Hello again

So, Boris has bounded back into our lives to announce that…nothing has changed.

The weather is still lovely (aggravatingly enough – doubtless as soon as lockdown eases we will have the longest spell of wet weather in living memory). In the meantime, here are some more ideas of things to do with your children.


1. Paint making

Stone Age paintings dating back 40,000 years (the last Ice Age) have been found in caves in Britain, France, and Spain. The paints were made of mixtures of ground rock or charcoal with animal fat. They give us a glimpse into life in a different era with pictures of human behaviour and animals which are now extinct. They also give us a prompt for a great activity to do at home, with links to art, technology and ancient history (if you have half an eye on the National Curriculum).

You will need:

  • Some charcoal or chalk. Either white or coloured chalk works, and you can use natural chalk from the ground if you have it, or chalk sticks.
  • A pestle and mortar or a mallet and a surface to bash on.
  • Some water or vegetable oil (depending on what sort of paint you want to make).
  • A paintbrush – a bought one or one made from a stick.
  • Grind up the chalk or charcoal into a powder using either the pestle and mortar or the mallet. if you are using a mallet remember to have eye protection and work outdoors, as bits will fly everywhere – this is quite fun though!
  • Add water or oil to make the consistency you want. Adding water will make a water-based paint and vegetable oil will make oil paint.*
  • Mix different colours of paint together to make new shades, or experiment with natural colours. if you have coloured chalk sticks you have a head start with colours, but can you find other sources of pigment in the garden (or the spice cupboard)?
  • Use your paints to decorate stones, paper or a sheet. You can paint designs, tell a story or make hand prints – all things that the Ice Age artists did.

* if you make oil-based paint NB that it makes a much more lasting mark that water-based paint!

2. Seed bombs

Creating seed bombs is a great way for your children to start thinking about the environment. At this time of year you will probably have to use bought seed, but later in the summer you can make seed bombs using wild seed that plants have set.

The clay helps to protect the seeds from intense heat, waterlogging or hungry birds. Traditionally seed bombs were used for stealth gardening in urban environments!

You will need:

  • A measuring cup
  • 1 cup of native wildflower seed (bought or harvested)
  • 2 cups of top soil or compost
  • 5 cups of potter’s clay (NOT air-drying craft clay)
  • water
  • A mixing bowl
  • Empty egg boxes to hold finished bombs

What to do:

  • Mix the soil and clay with enough water to make a dough.
  • Add the seeds and keep mixing until they are well distributed.
  • Take a handful of the mixture and roll it into a ball.
  • Place the finished ball into an egg box (or similar) to dry for a day or so.

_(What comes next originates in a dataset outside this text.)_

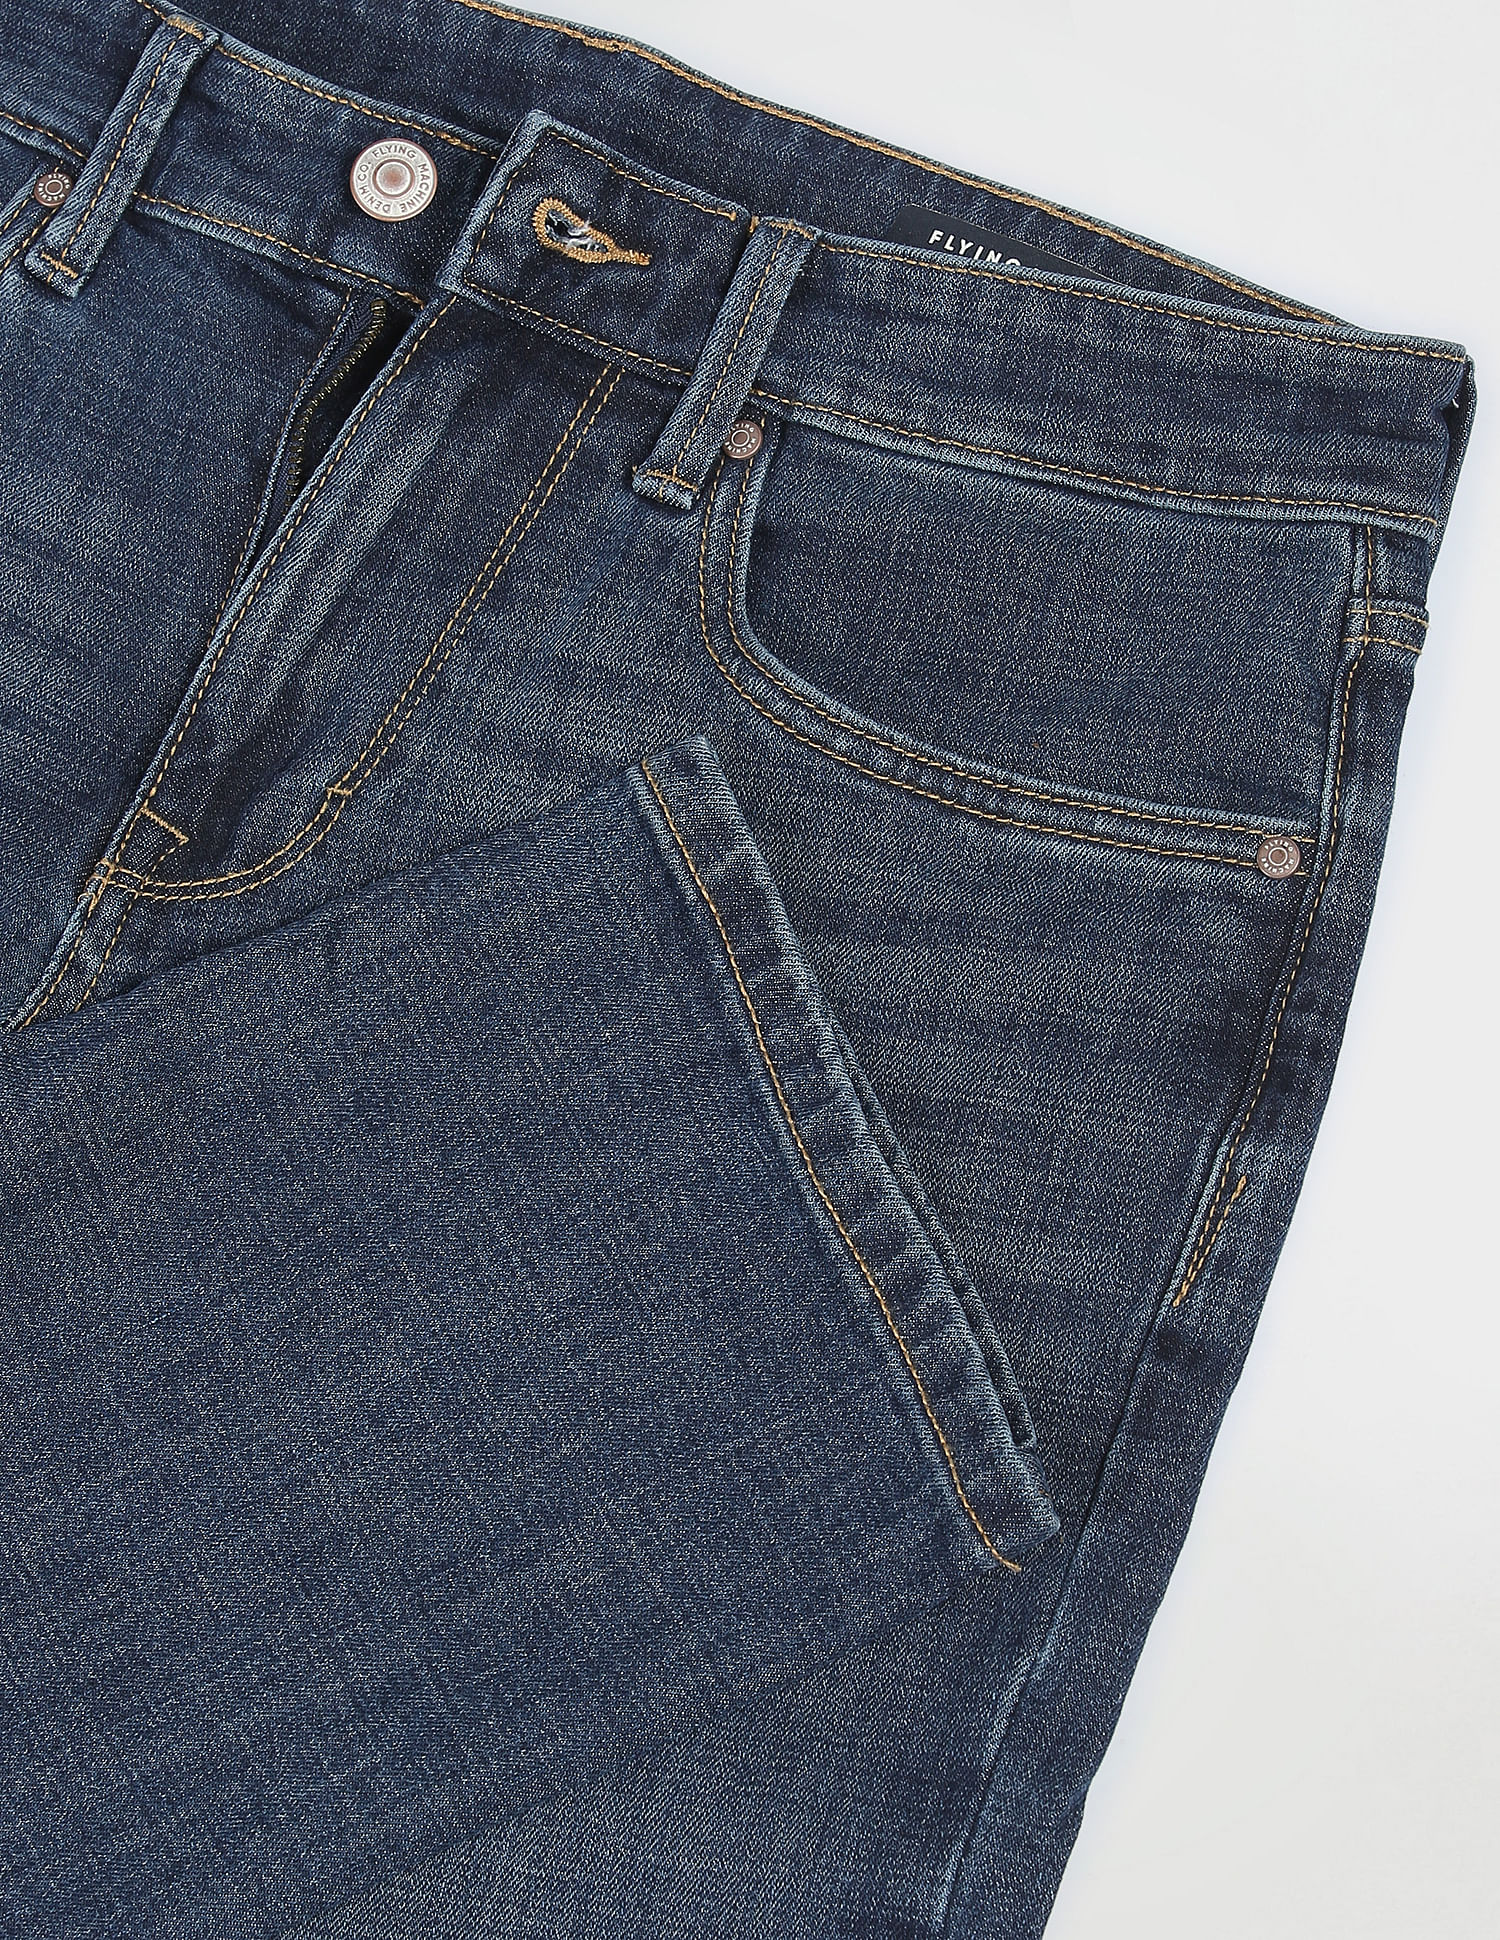 Sewing Denim Jeans with Sewing Machine. Repair Jeans by Sewing Machine  Stock Image - Image of fabric, foot: 136581333

Your finished bombs are best sown in early spring or autumn just before a heavy rainfall to help them germinate. Finished seed bombs can be kept in a cool dry place in a cardboard container.

To sow them, gently toss them into a patch of bare earth in a sunny spot.


3. Clay prints

This is a finding and making activity using clay to record a print of natural materials. In the example above I have used leaves, but you could use sticks, bark, nuts or even handprints.

You will need:

  • Clay.
  • Natural objects to use to print with.
  • A rolling pin and something to roll on (I used a milk bottle and a log round).

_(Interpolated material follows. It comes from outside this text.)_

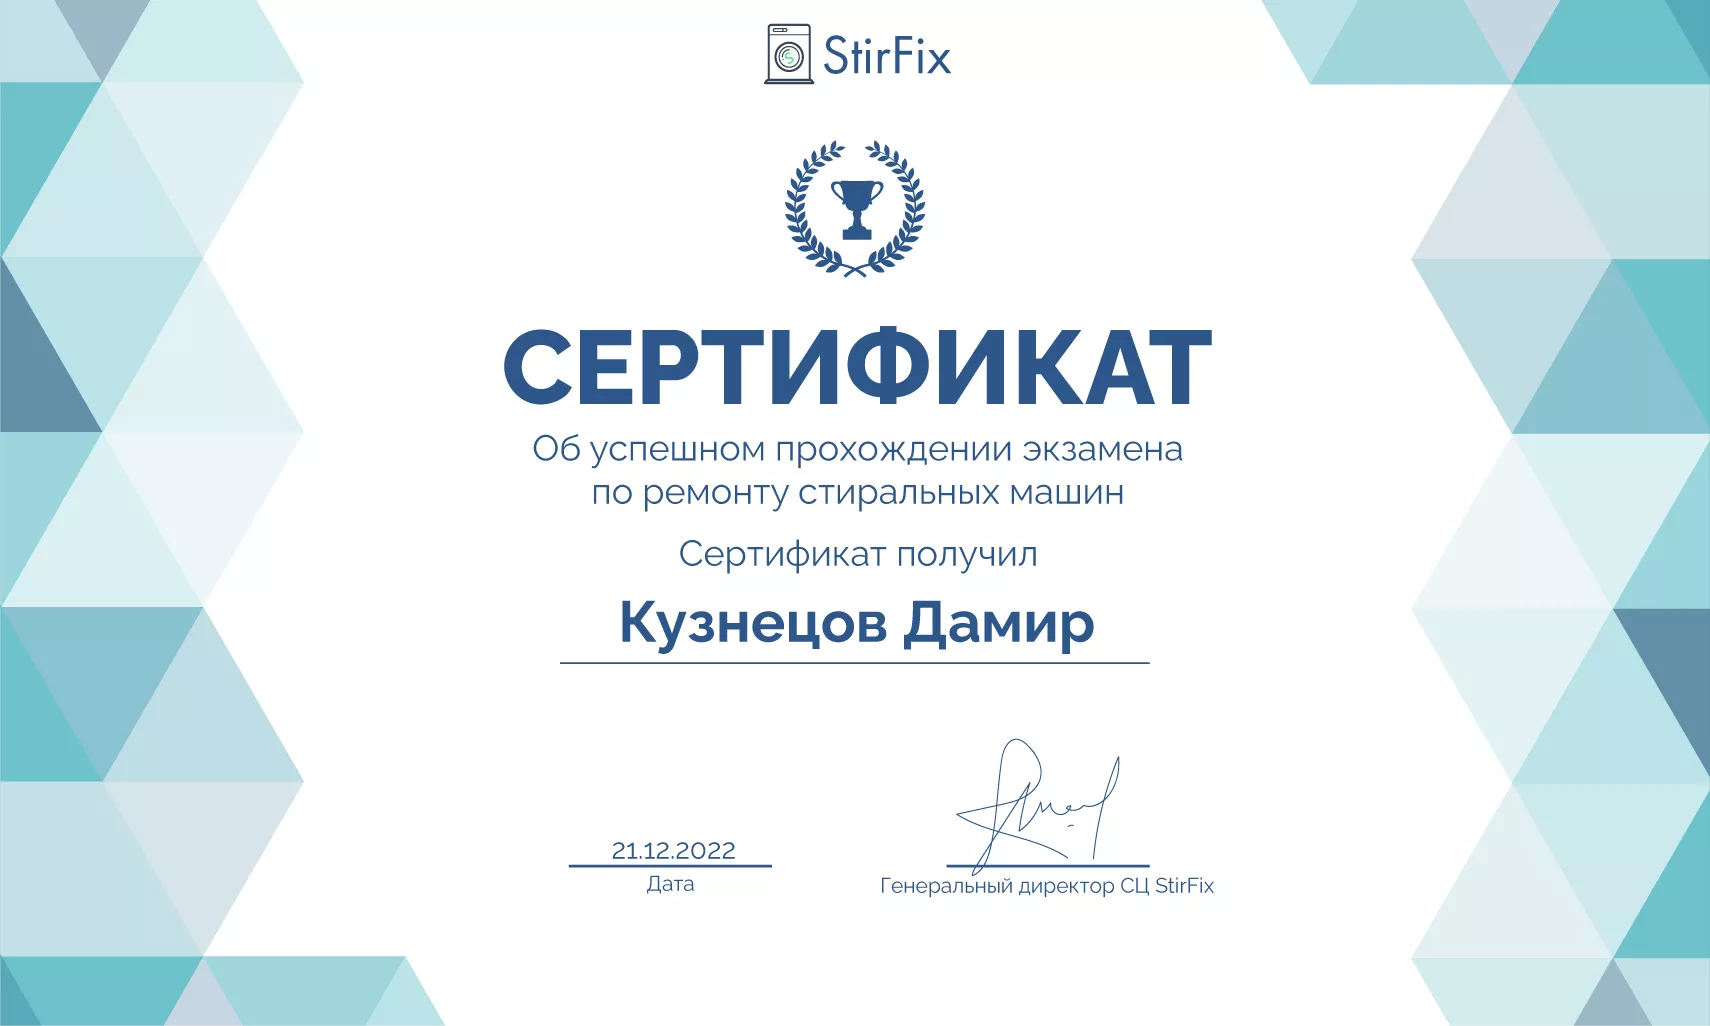 Кузнецов Дамир сертификат телемастера

Collect your materials, bearing in mind that what works best will have a definite texture, and an edge that will show up clearly. It is also good to avoid things that are potentially stingy or prickly!

  • Roll the clay out until it is smooth enough to take an impression.
  • Place whatever you are printing on the clay and press down carefully but firmly. Try not to get your thumb prints on the clay and don’t push so hard that you can’t get the leaves/sticks/etc off the clay when you are done!
  • Carefully peel away the object from the clay to reveal the impression.
  • You can cut carefully around the outline of your prints and leave them to dry as ornaments.


4. Make a story stick

This activity helps children to develop vocabulary and storytelling techniques.

The Aborigines first used ‘message sticks’ to remember and convey information. The sticks were easy to carry, and carved or painted with symbols and tribal markings that together told a story or recorded important facts.

You will need:

  • A stick.
  • String or wool.
  • Found materials from the environment (leaves, feathers’ smaller sticks).

What to do:

  • Find a stick: it can be any length from a staff to no longer than the length of your forearm. It should be easy for you to carry safely though.
  • Think about the type of story you want to tell, and choose your materials accordingly. Or, see what you find on your daily walk and use that to tell your story.
  • Attach your found objects to the stick, with string or wool.
  • Use your stick to help you remember the parts of the story you want to tell.